Слушая его слова, я чувствовала, как в груди медленно разливается что-то тягучее, неприятное. Будто он поднимал наружу то, что я так старательно закапывала внутри.

"Вы пытаетесь убедить в этом меня? Или себя?"

Я хотела усмехнуться, отмахнуться от его слов, сказать что-то колкое в ответ, но язык не поворачивался. Он попал в точку. Глупо было отрицать.

Возможно, я действительно не любила его так, как должна была. Или всё-таки любила — по-своему, конечно, может, поэтому так?

"Майкл был для вас символом стабильности."

Стабильность. С ним всегда было спокойно. Не любовь, не страсть, не привязанность — просто спокойствие.

И ведь правда, никогда не жила для себя. Всегда были "мы". Никогда "я".

Злость сковывала всё тело — на себя, на психолога, на эту чёртову сессию. Я ведь пришла сюда не за этим, не за анализом того, что со мной не так, а за…

Признание своей обреченности далось нелегко.

Жизнь начала собираться из мелочей.

Сначала — уход за собой.

Я долго смотрела в зеркало, пробегая пальцами по прядям, которые когда-то любил перебирать Майкл. Длинные волосы, привычно завязанные в лёгкий хвост, вдруг показался ненужным.

Можно, — выдохнув, я посмотрела на знакомую, которая с такой же грустью в глазах смотрела на меня.

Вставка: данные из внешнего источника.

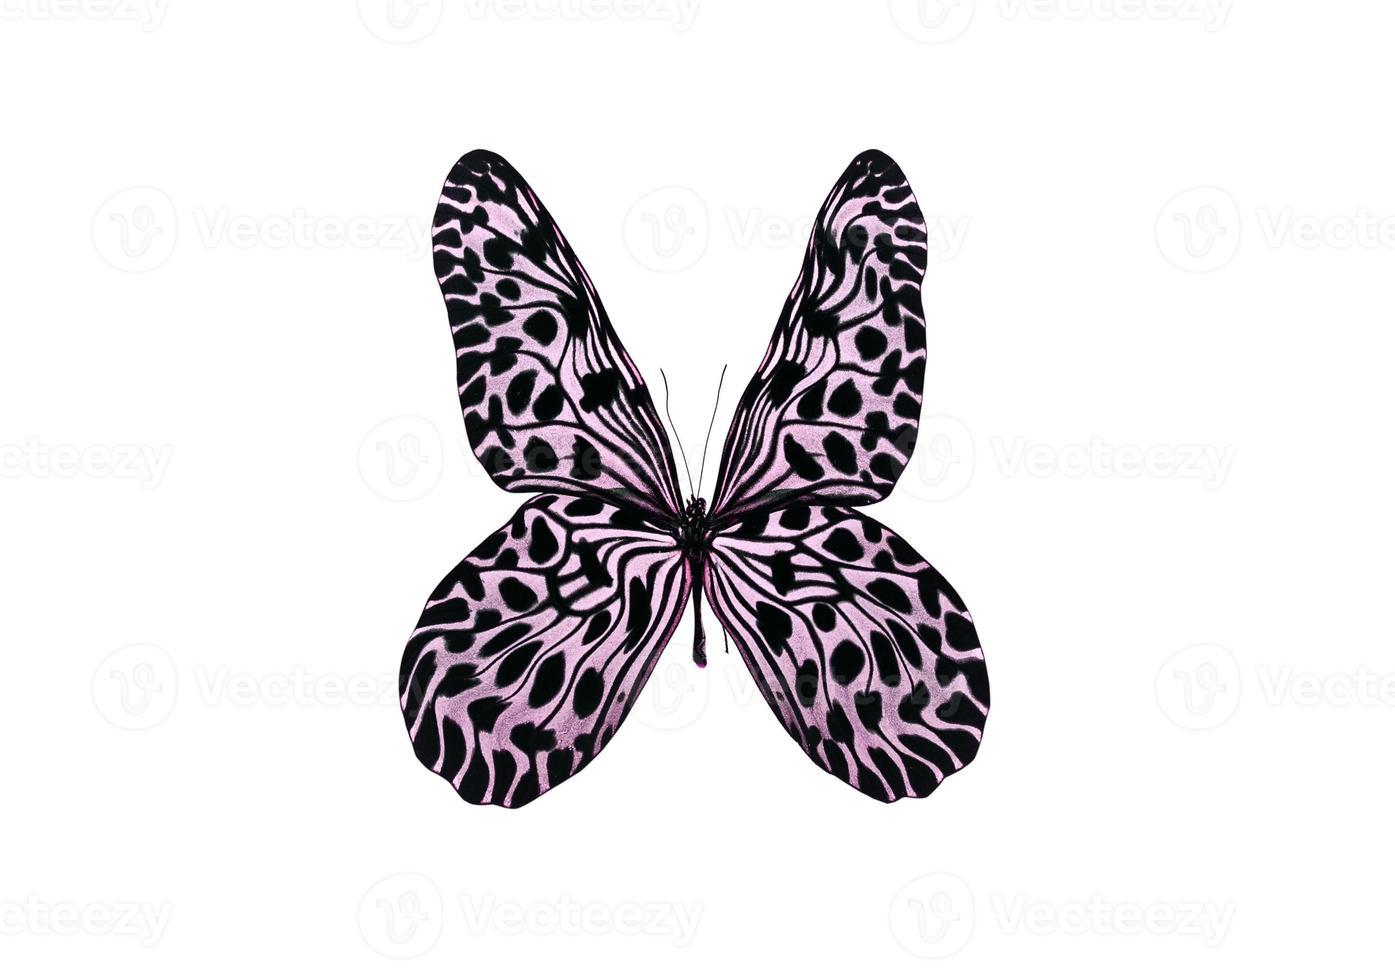 violetter Schmetterling lokalisiert auf weißem Hintergrund foto

Ножницы скользнули по волосам. В тишине, нарушаемой легкой музыкой, я наблюдала за падающими локонами. Они медленно оседали на пол. Можно ли было ознаменовать их символом того, чего больше нет?

Символ прошлого.

Проводя рукой по коротким прядям, я чувствовала их новую, непривычную мягкость. Короткая стрижка сделала меня старше, но не менее привлекательной. До этого казавшиеся плавными скулы стали более выраженными.

Потом — работа.

Настоящая, среди людей, а не через экран ноутбука. Признаться, первое время было сложно — слишком шумно, слишком много движений, слишком мало одиночества. Люди, с которыми я только говорила по телефону, обрели плоть, и, что самое печальное, теперь, чтобы заставить их помолчать, просто сбросить звонок было недостаточно. Но шаг за шагом я привыкала. Чашка кофе в руках, негромкий гул разговор, случайные улыбки коллег — уже не вызывали раздражения. Маленькими шагами, но я становилась собой. Хотя нет — я становилась лучше.

А еще - терапия. Конечно, куда же без неё.

Тихий кабинет, мягкий свет лампы. Внимательный взгляд психолога. Разговоры, от которых хотелось одновременно сбежать и продолжать. О том, от чего так долго убегала. О себе. О своих желаниях, страхах, ошибках. Принимать себя оказалось сложнее всего. Когда на протяжении двадцати девяти лет, ты думаешь, что знаешь, чего хочешь. Думаешь, что знаешь себя.

Неприятно узнаваться, что ни черта ты не знаешь.

Но я училась.

Глава 3

Сейчас.

Давно я здесь не была.

Этот город всегда казался зависшим между эпохами, словно не мог решиться, к какой именно он принадлежит.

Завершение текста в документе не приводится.